In early June, Val played one of the last concerts on his father’s Sonambient sculptures in an outbuilding, called the Sonambient Barn, behind the family farmhouse. (A lawsuit filed by Val’s two sisters arguing that they should take possession of their share of their father’s sound sculptures was recently settled in their favor, and they hope to eventually place them with a public museum.) Val will be moving his own sound sculptures into the barn over the next few months and plans to continue his concerts as well his tours of the family property and of the Bertoia Studio in the nearby town of Bally, where he maintains a storefront museum dedicated to his father.

As Val moved in a balletic manner from sculpture to sculpture in the barn, pressing rods together with his hands and releasing them, or tapping a gong with a mallet, he created eerie sounds that continued to reverberate from each work— an ongoing musical composition of various tonal vibrations that was alternately reminiscent of church bells, chiming clocks and cymbals. It was easy to imagine the pleasure his father must have experienced in this light-filled, open space, surrounded by music of his own making.

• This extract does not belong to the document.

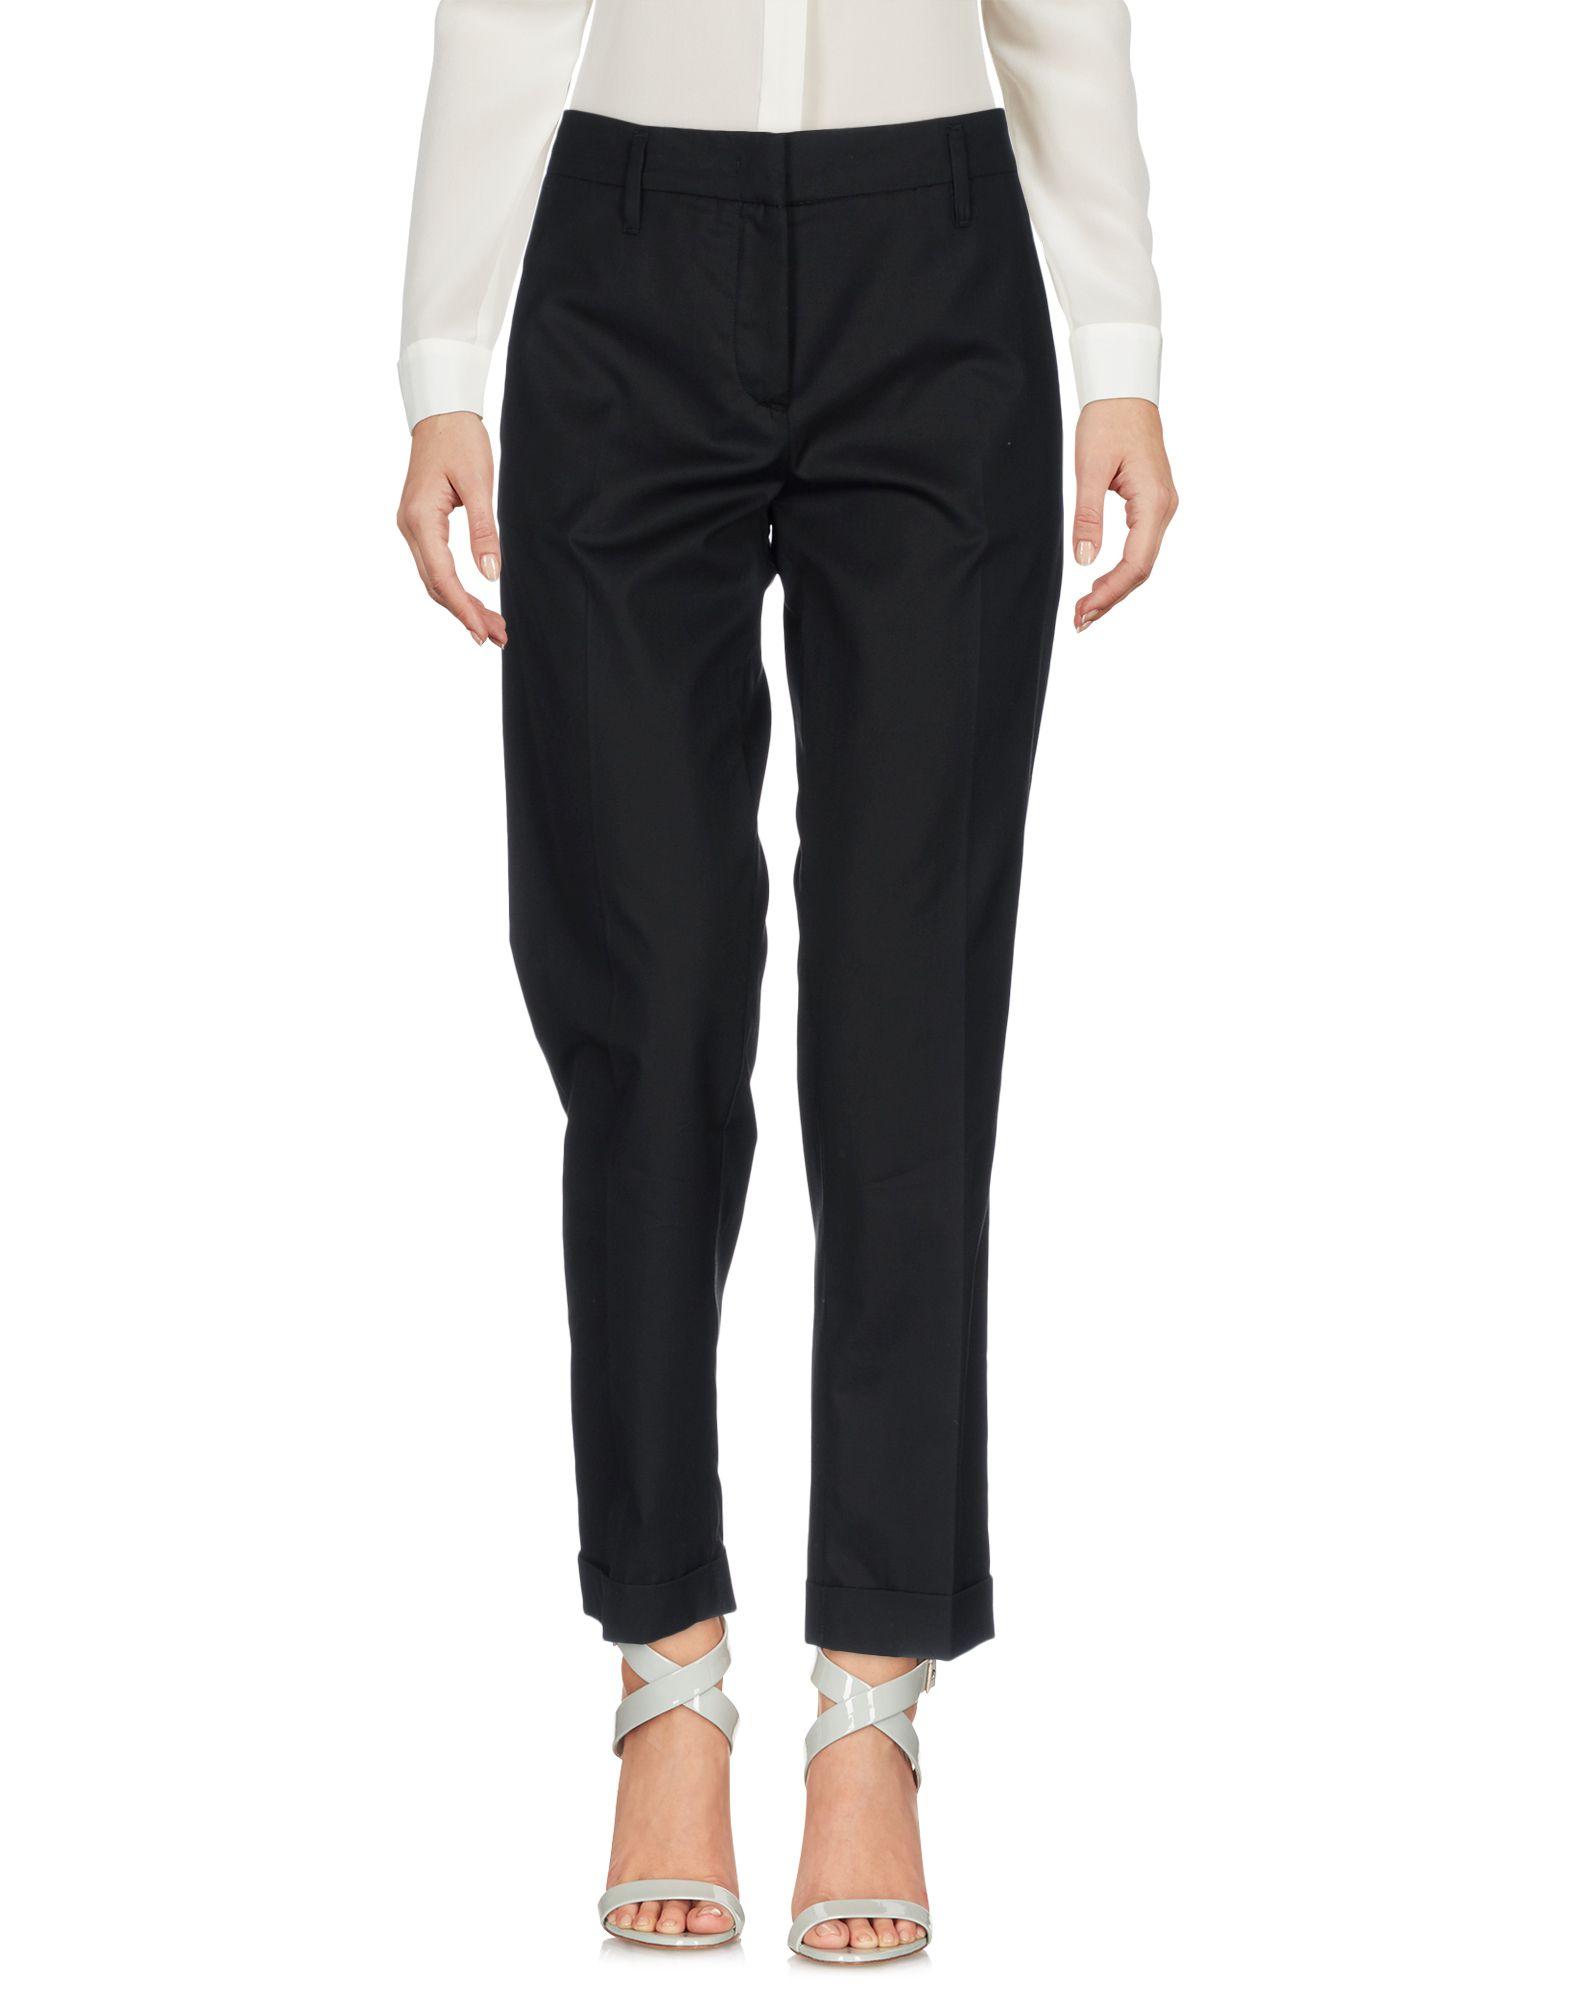 Pantalone Aspesi Donna - Acquista online su ElQjSV6bE

Bertoia plays a bronze gong with an implement of his own creation in the barn, ca. 1975. Photo by and courtesy of Beverly H. Twitchell

The MAD exhibition has replicated the barn’s setup on a smaller scale with an installation of 19 sound sculptures made by Val. Museum visitors are encouraged to play them (under supervision) on Thursdays between 6 and 9 p.m. and on Saturdays between 12 and 3 p.m. The rest of the time, a four-channel sound installation that draws on Bertoia’s archive of recordings plays throughout the galleries, simulating the concerts he held in his barn. (Bertoia’s recordings were recently digitized and released in an 11-CD box set).

In 1971, Jeffrey and Miriam Eger, then recent London Film School graduates living in New York, agreed to document Bertoia at work. The resulting impressionistic film, Sonambients: The Sound Sculpture of Harry Bertoia, currently on view at MAD, combines footage of the artist playing his sculptures with video of pine needles and other natural forms in the surrounding landscape that share physical similarities with his creations.

In an interview with Jeffrey, Bertoia said he liked to think his Sonambient creations were inspired by the sounds of metalworking he delighted in as a child, made by gypsies who came to his town of San Lorenzo, Italy, to repair the locals’ pots and pans. “The pounding of the hammers and the shining of the metal made a great impression on me,” he said. “It may not be what I’m doing here, but I like to think that it is.”